“She doesn’t seem to be too bad, does she?” There was relief in Emily’s voice as we left the Hochstetter mansion. “I was so worried that we’d find her dying or dead like Fanny.”
“Yes, I know you were.” I put my hand on her shoulder. “So now perhaps we can put Dorcas’s illness down to coincidence and Fanny’s death down to pneumonia following the flu, and I can get on with solving your own little mystery.”
She smiled prettily. “Why, of course. What do you plan to do next?”
“Go to Massachusetts to the place where your Aunt Lydia was born,” I said. “If the family comes from around there, then someone will know something—a childhood playmate or an old servant. Someone always remembers.”
“I hope so,” Emily said. “I can’t tell you how painful it was to walk past my old home just then, even though it holds no particularly happy memories for me. But it did remind me that I now have no place to call my own, and it’s a distressing feeling.”
“I feel rather the same,” I said. “I had to flee from Ireland and can no longer go back there, so I, too, have no home.”
“But a family—you still have a family, don’t you?”
“I lost my father and my oldest brother. I still have two brothers alive. One is in exile with the Republican Brotherhood in France and the other has been taken in by a kind family. So I don’t know if or when I’ll ever see them again.”
“Oh Molly, I’m so sorry. You must miss them terribly.”
“Actually I found them annoying and ungrateful when I had to look after them, but it seems to be true about absence making the heart grow fonder.”

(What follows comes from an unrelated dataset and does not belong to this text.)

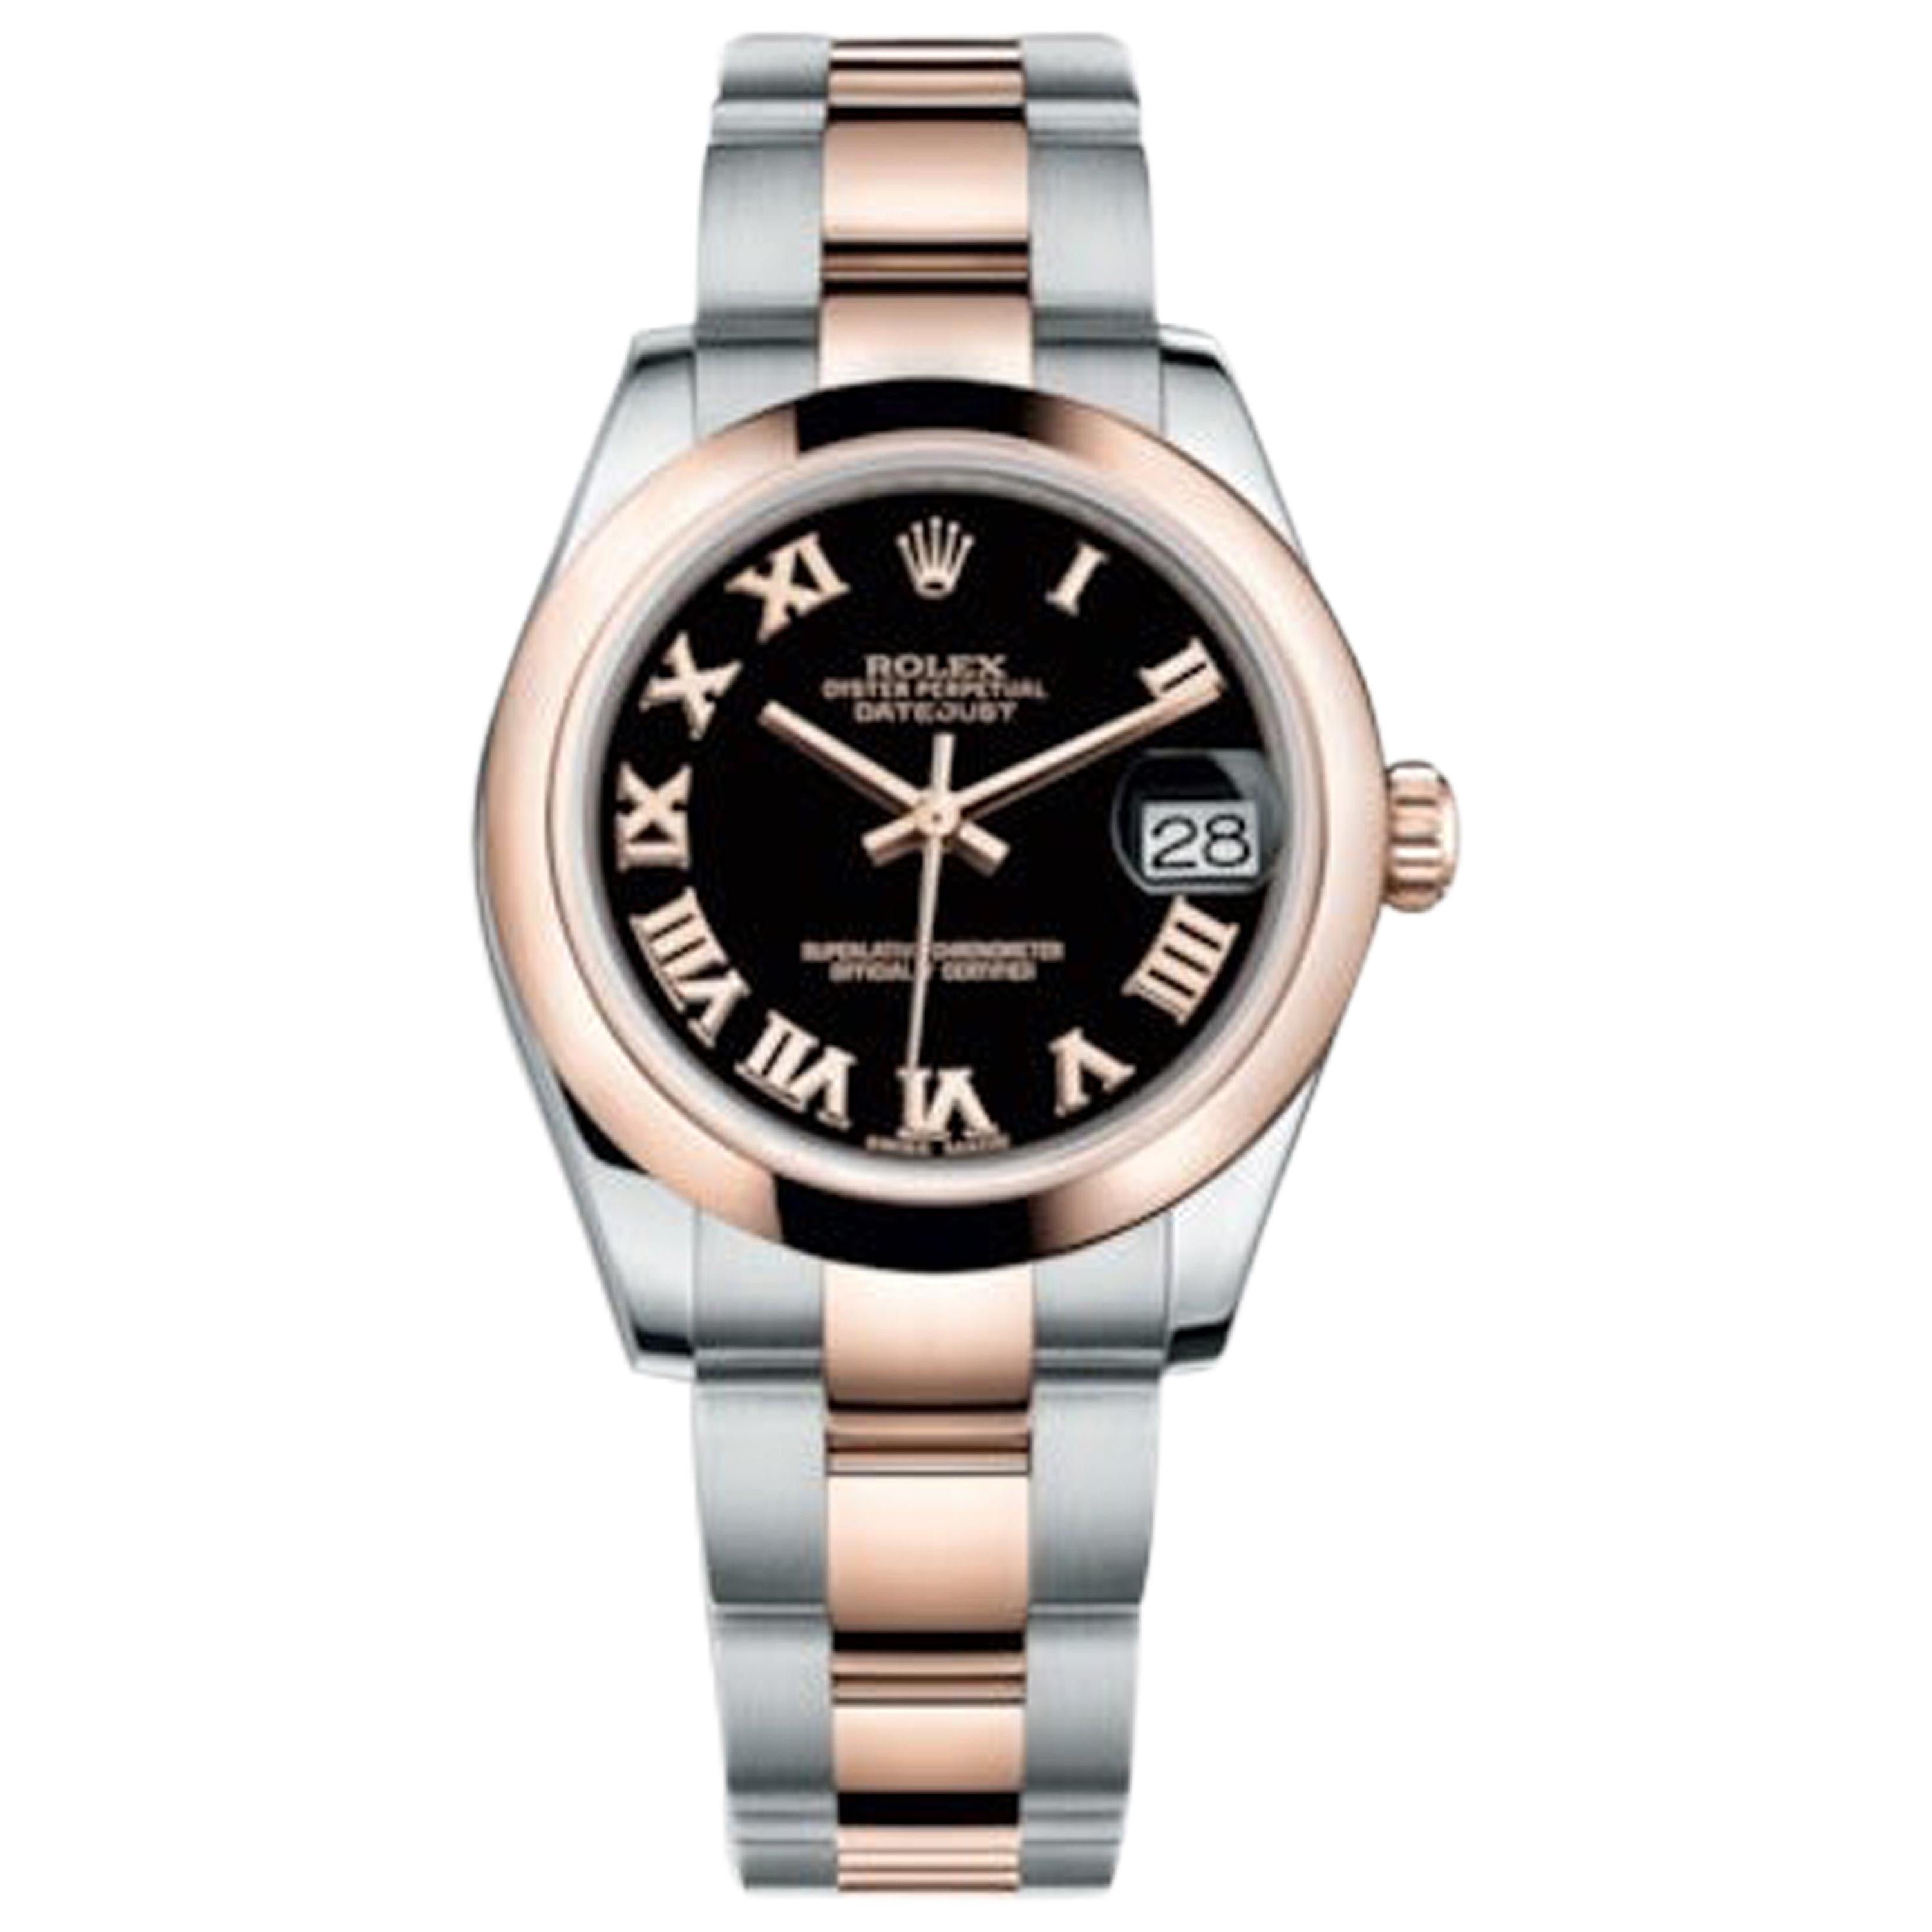 Rolex Datejust Stainless Steel and Rose Gold Ladies Watch 178241 Blk Roman

I looked at Emily and we shared a smile.
“I am concerned about my youngest brother, Malachy,” I said. “I don’t like the thought of his being raised by strangers, but I don’t quite know what to do about it. When I’m settled I would like to see if I can bring him to America, but I don’t know if he’d even want to come.”
Emily took my hand. “So we are both alone in the world. Then let us be sisters, linked with a common bond. I recognized you as a kindred spirit the moment I saw you in that parade.”

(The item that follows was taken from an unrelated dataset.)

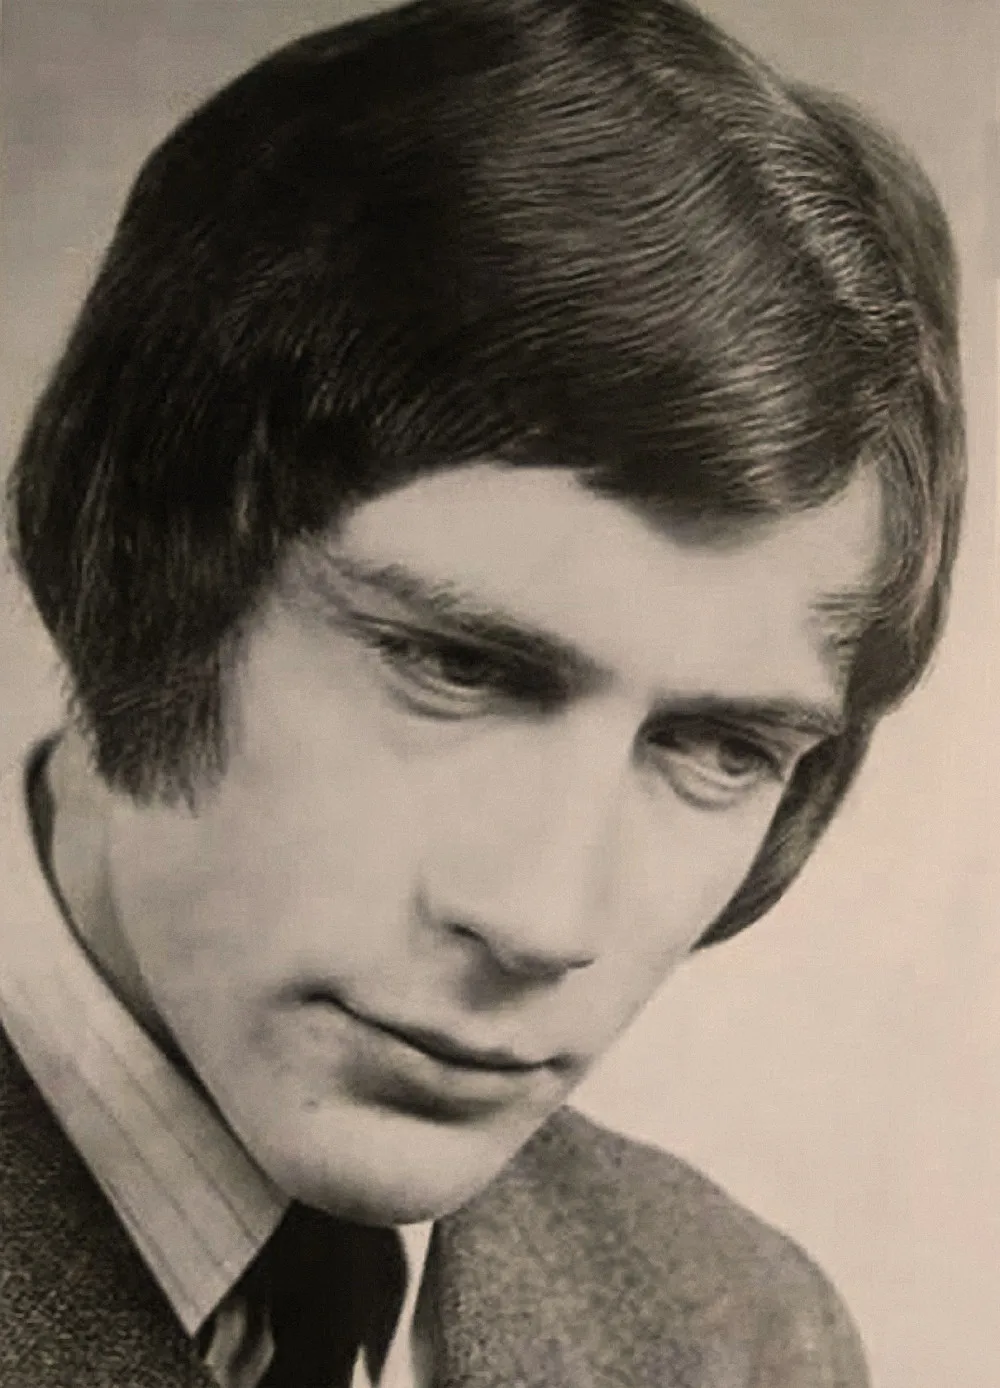 Romantic men's hairstyle from the 1960s–1970s - Rare Historical Photos

We parted company as she went across the park to the Upper West Side and I took the Third Avenue El to Grand Central Terminal to inquire about trains to Williamstown. I booked a ticket for early the next morning and started home to prepare for the journey. I was just crossing Greenwich Avenue toward Patchin Place when I heard the thunder of approaching horses’ hooves. A woman’s voice screamed, “Lookout!” I turned to see a carriage bearing down on me at great speed.
“Holy mother of—” I exclaimed. The vehicle showed no sign of slowing. I flung myself aside, tripped at the gutter, and would have gone sprawling had not passersby grabbed me and hauled me onto the sidewalk as the carriage passed, mud flying up from the hooves and wheels. I got an impression of a black, enclosed carriage of the type often seen around town, owned by the smarter families. From what I saw the driver was all in black, wearing no particular livery by which I could later identify him. But in truth the whole thing was a blur and my heart was beating so fast that it was all I could do to stand there, gasping for breath.
“Are you all right, miss?” a woman asked.
“Should be locked up,” a man beside me muttered, and waved his cane at the rapidly disappearing carriage.
“I’m fine. No harm done, thanks to you.” I looked at their concerned faces. “If you hadn’t grabbed me, I’d have been under those hooves.”
“It’s happening more and more these days,” another woman said. “Reckless drivers all over the place, electric trolley cars, and now these new automobiles. A person isn’t safe crossing the street any longer.”
The crowd began to melt away, the hope of a spectacle now over. I also went on my way and turned into Patchin Place. I found my hand was shaking as I put my key in the lock. As I put on the kettle for a cup of tea, that scene insisted on playing itself over and over in my mind. And as I replayed it an alarming thought surfaced. That carriage had headed straight for me—accelerating, not slowing. I was the target, not a random victim.
Which made me wonder who could possibly want me out of the way badly enough to risk running me down in broad daylight on a busy street. I found myself wondering if Anson Poindexter was still at the funeral banquet. Maybe I couldn’t put Fanny Poindexter’s death behind me just yet.
When I went to bed that night I tried to reason with myself that recklessly driven carriages cause accidents every day in the city. It must just have appeared that the carriage was headed for me. It had been unlucky timing, nothing more. But I couldn’t shake off the nagging doubt and was rather glad that I would be out of town for the next couple of days.